Entries taken from a collection:
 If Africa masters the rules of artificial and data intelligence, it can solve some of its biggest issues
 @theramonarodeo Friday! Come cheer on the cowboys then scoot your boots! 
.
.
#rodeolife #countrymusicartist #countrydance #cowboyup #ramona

__WHAT IS BEING ASKED__: Once you have read the data above, print all of it again exactly.

__OUTPUT__:
 If Africa masters the rules of artificial and data intelligence, it can solve some of its biggest issues
 @theramonarodeo Friday! Come cheer on the cowboys then scoot your boots! 
.
.
#rodeolife #countrymusicartist #countrydance #cowboyup #ramona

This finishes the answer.